In this context, the verse “I will scatter you among the nations” is clearly part of the series of curses. The verse continues, “I will unsheathe the sword after you; your land shall become a desolation and your cities a ruin.” Later in the passage, a similar verse speaks of God bringing the people “into the land of their enemies” (26:41). Being scattered, and being among the nations, are both clearly part of the punishment in this passage. The “ingathering of the exiles”, the removal of the Jewish people from being scattered among the nations, is an integral part of traditional Jewish messianic expectation.

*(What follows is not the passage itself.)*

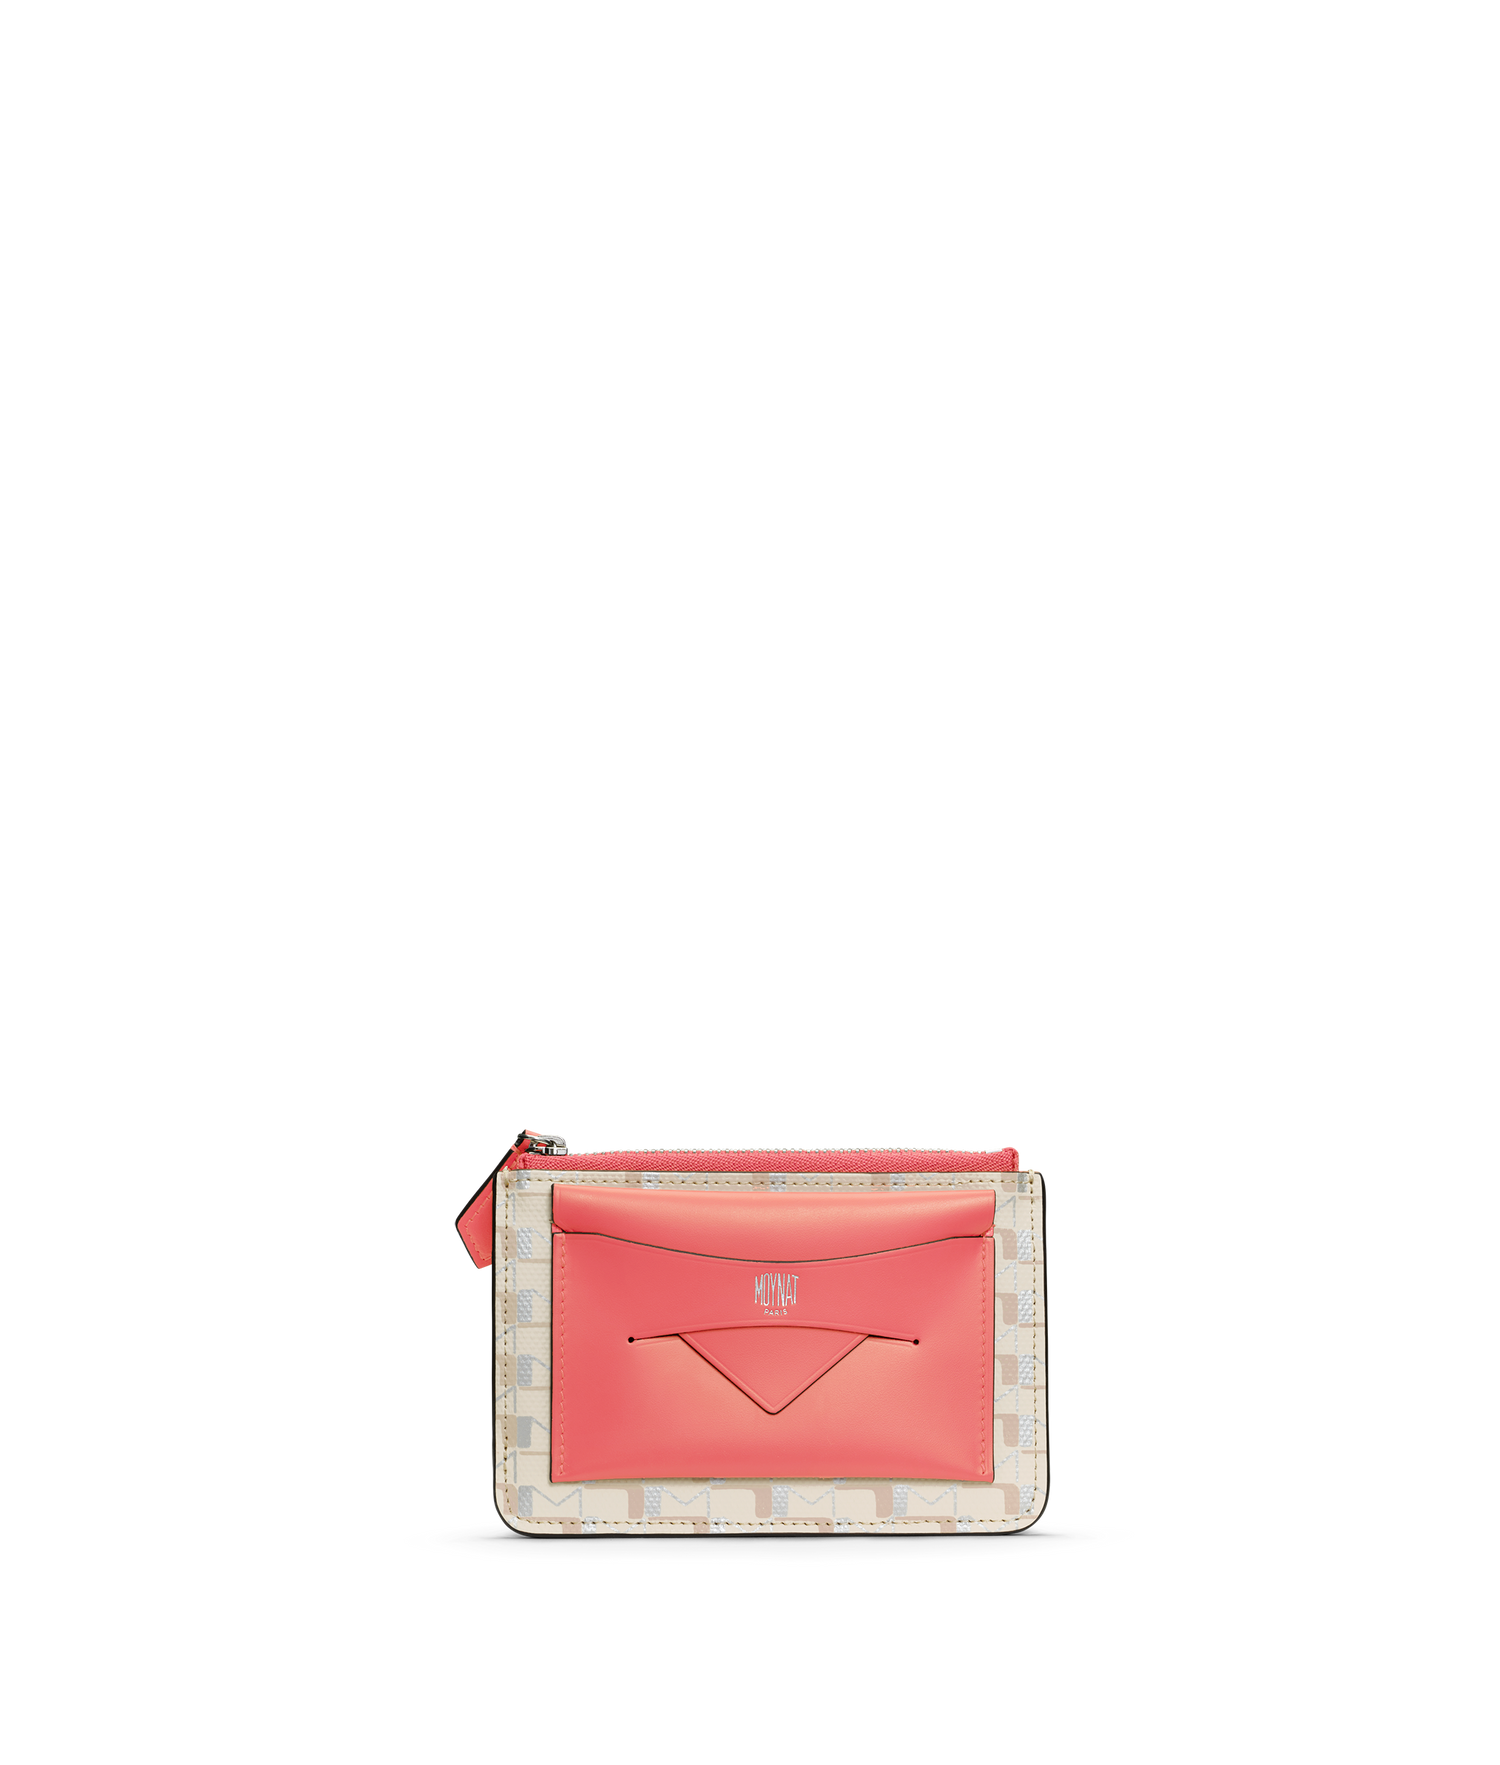 Moynat Oh! Trousse Pm Pouch in Red

Yet taken out of its context, that phrase from the parashah has a different resonance for us. Even strongly committed Zionists recognize that there are advantages for the Jewish people not to be all concentrated in one place. Many pre-modern thinkers saw a benefit in being scattered during the period of exile: if an anti-Jewish regime arose in one place, not all Jews would be threatened, and there would be other options for refuge.
Some even saw a benefit that transcended the protection of geographical diversity. In the early 1620s, the Amsterdam Rabbi Saul Levi Morteira wrote, “If we were all in one place, our witness would be before only one nation. But our duty is to confess God’s greatness before all the peoples of the earth.” This anticipates what would become a central idea of the early Reform movement: the mission of the Jewish people fulfilled precisely through their dispersion throughout the world.
Historians have recognized that being scattered “among the nations” has not been an unmitigated disaster for the Jewish people. The interaction with other nations and their cultures has enriched the Jewish heritage through the absorption of some of the best aspects of the majority culture in a manner that did not necessarily undermine Jewish authenticity or loyalty. The flourishing of Jewish culture under medieval Islam and in late-nineteenth and early-twentieth century Germany and Austria are obvious examples.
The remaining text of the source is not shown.